**WHAT THE TASK REQUIRES**
Exact reproduction of the listing is required. Pictures are not reproduced.

**INPUT DATA**
[Start of Attachment]
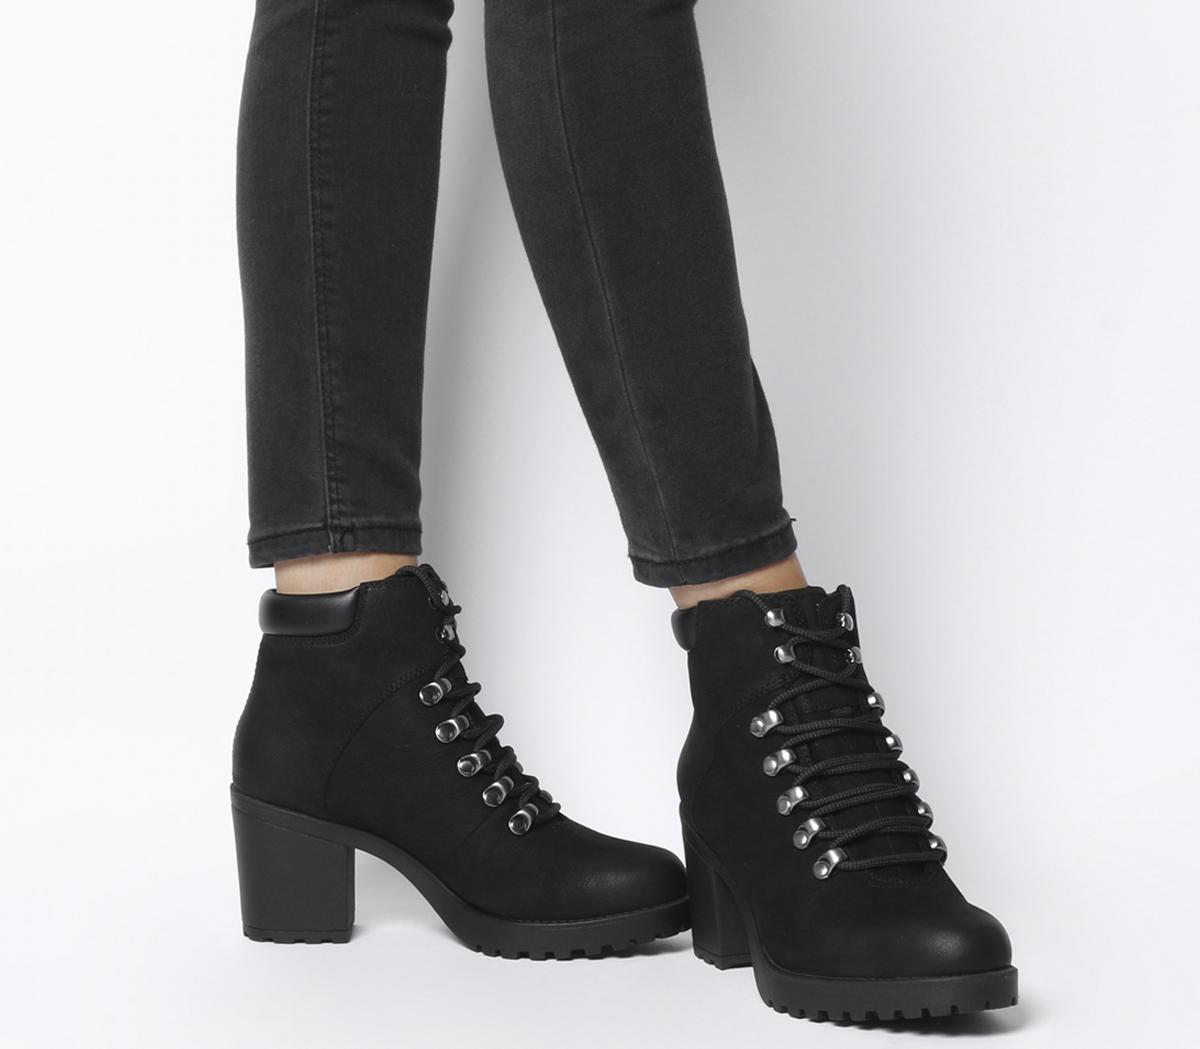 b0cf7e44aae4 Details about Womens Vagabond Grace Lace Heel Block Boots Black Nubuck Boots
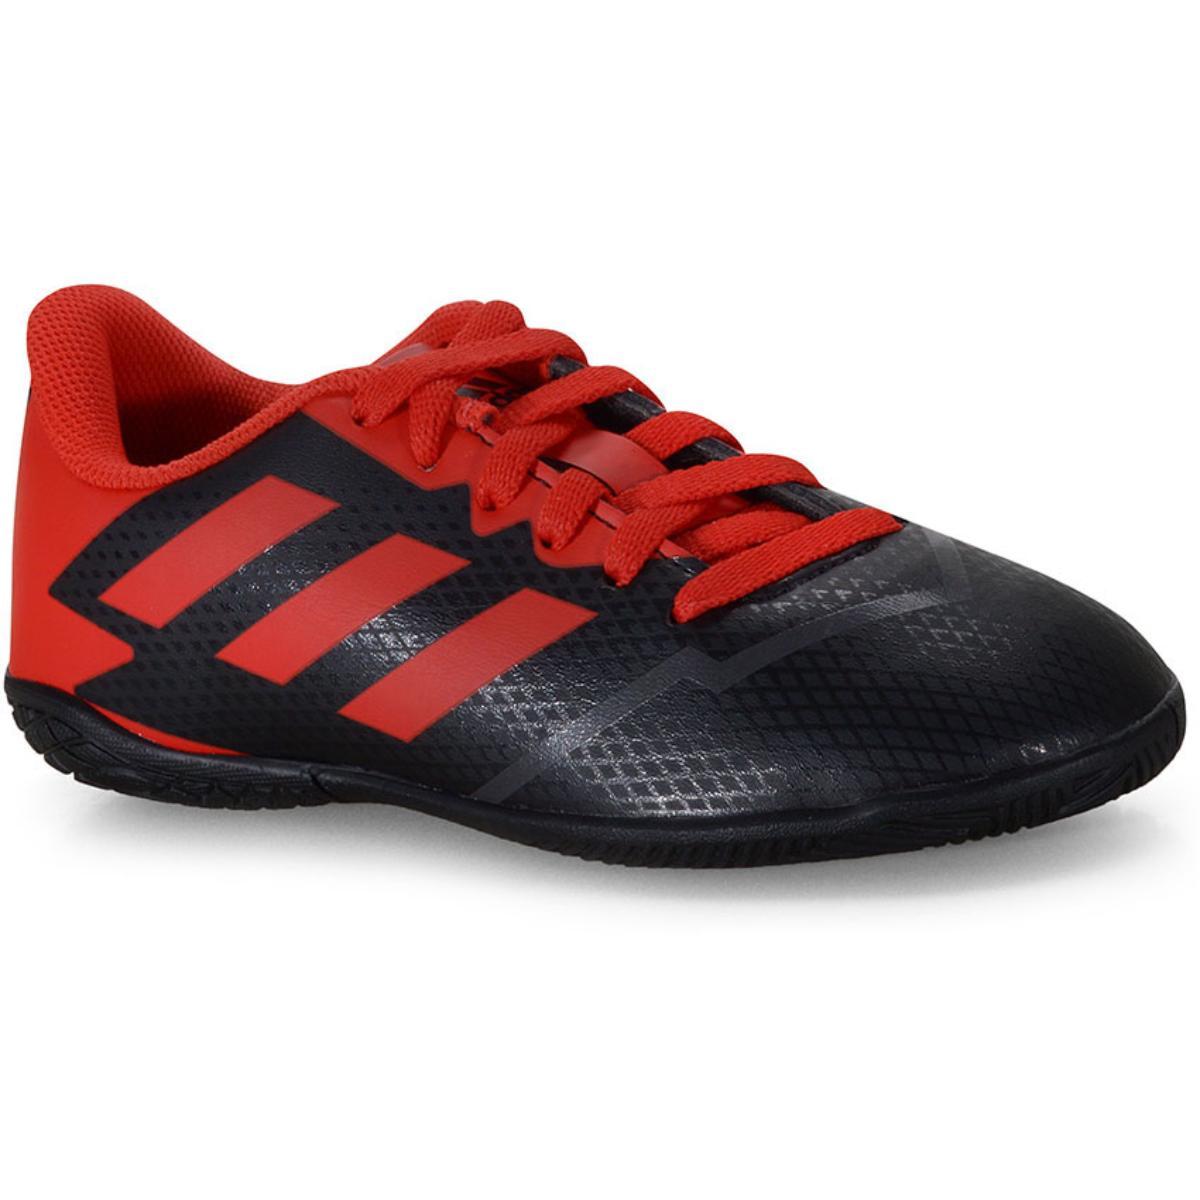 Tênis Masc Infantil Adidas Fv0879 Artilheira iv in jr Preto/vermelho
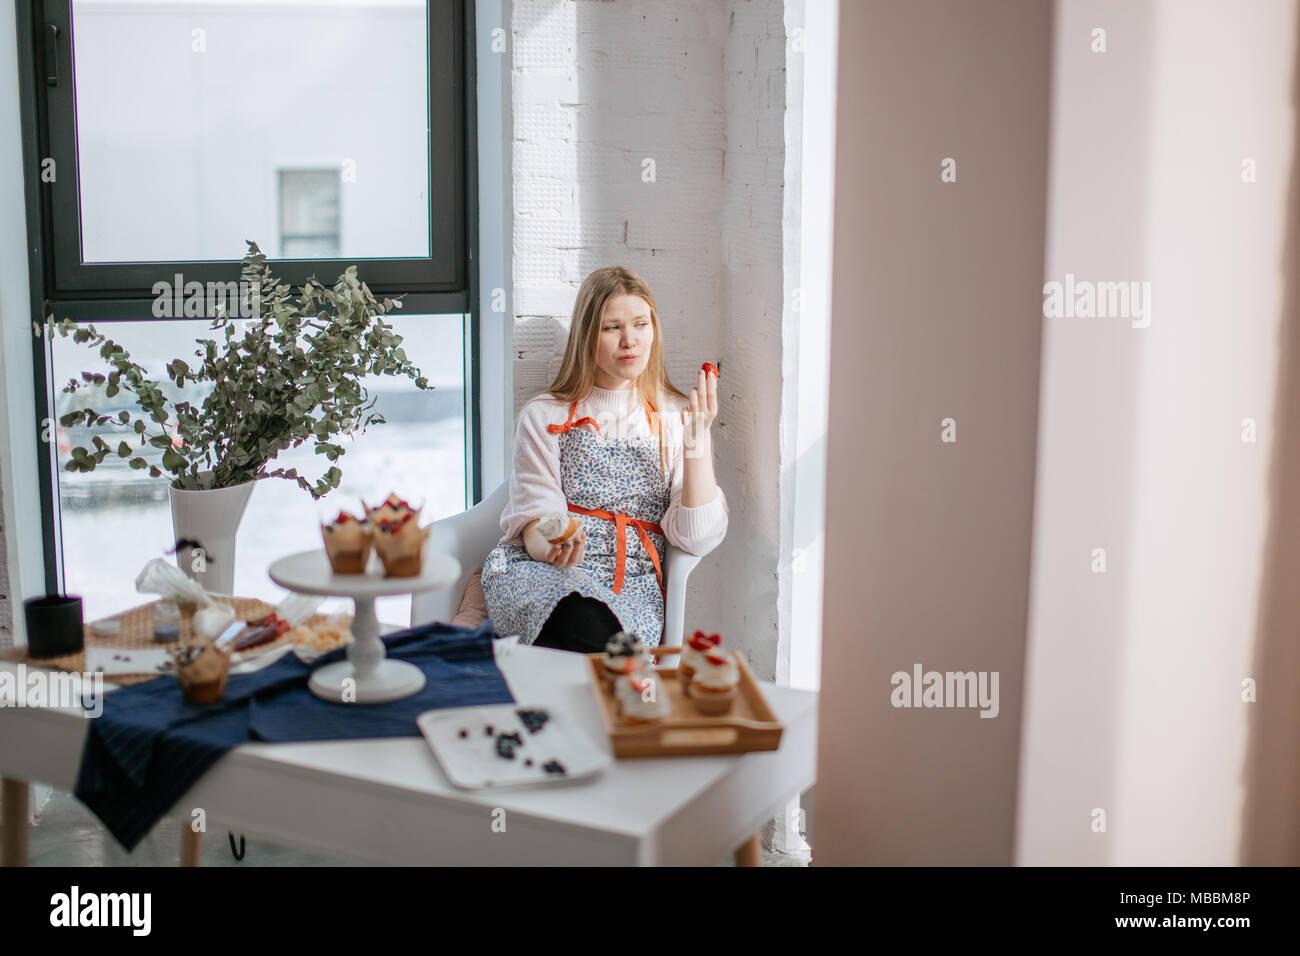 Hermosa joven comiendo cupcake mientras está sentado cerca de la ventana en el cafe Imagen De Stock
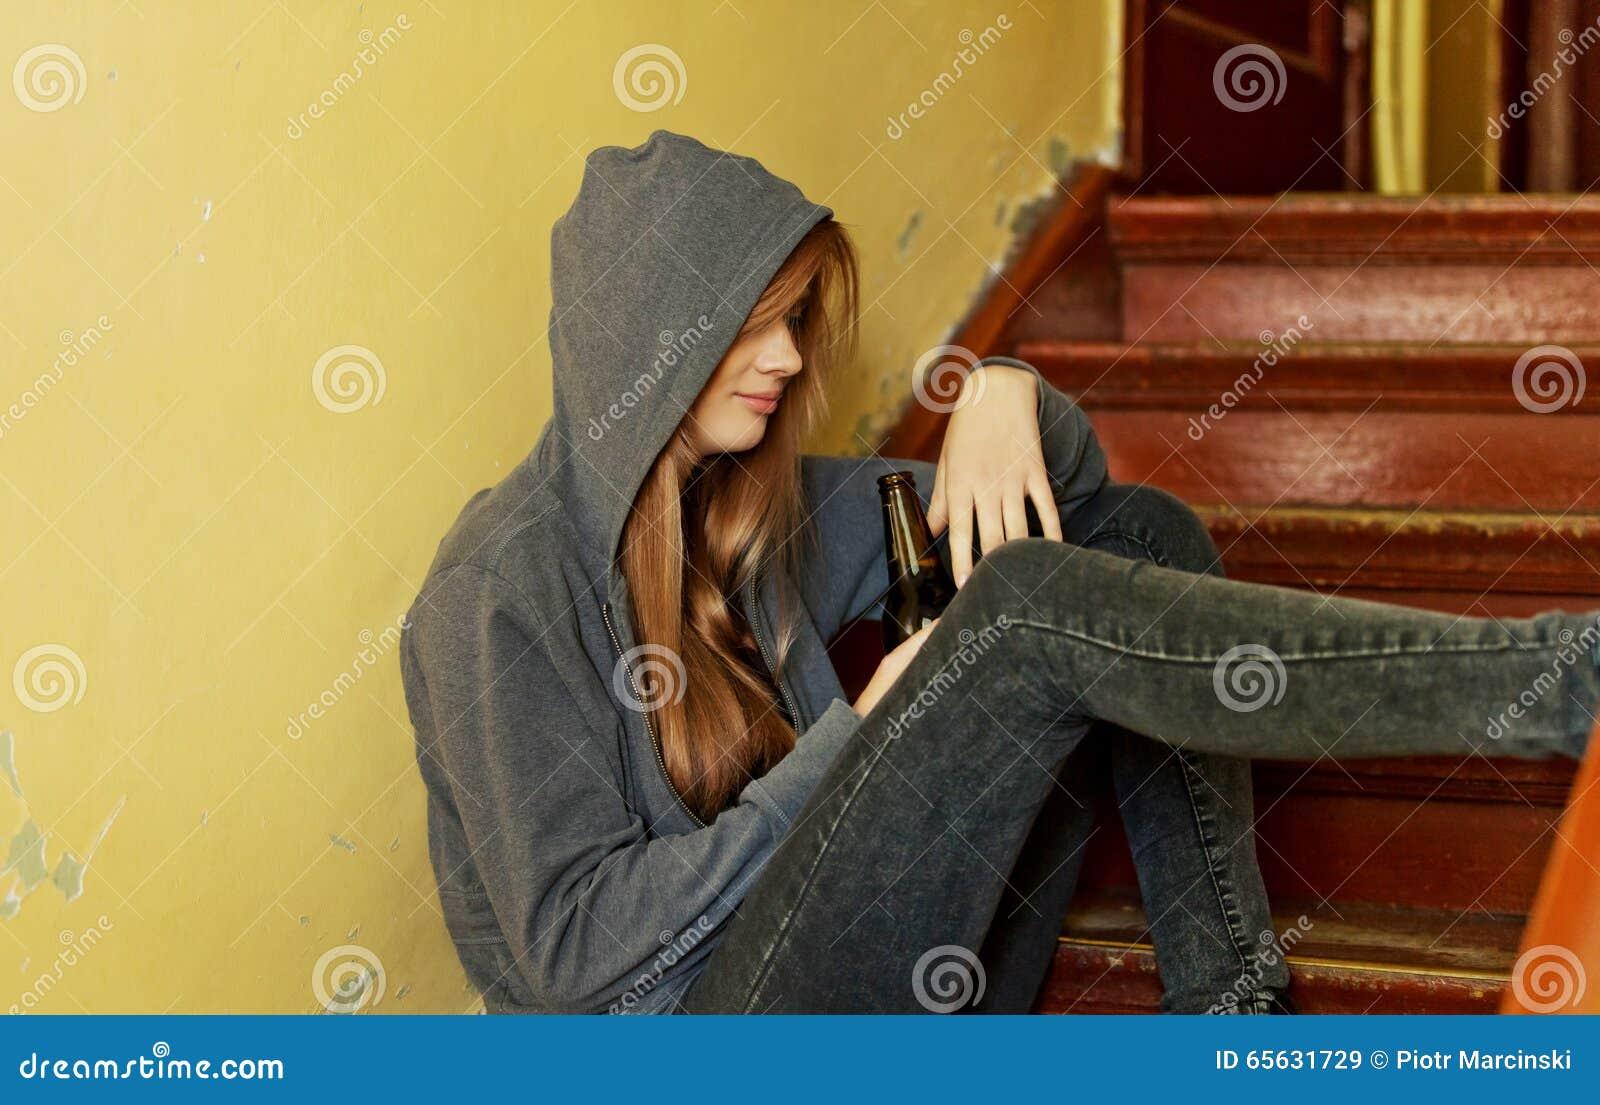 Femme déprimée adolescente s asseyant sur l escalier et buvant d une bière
[End of Attachment]
**TASK OUTPUT**
 b0cf7e44aae4 Details about Womens Vagabond Grace Lace Heel Block Boots Black Nubuck Boots
 Tênis Masc Infantil Adidas Fv0879 Artilheira iv in jr Preto/vermelho
 Hermosa joven comiendo cupcake mientras está sentado cerca de la ventana en el cafe Imagen De Stock
 Femme déprimée adolescente s asseyant sur l escalier et buvant d une bière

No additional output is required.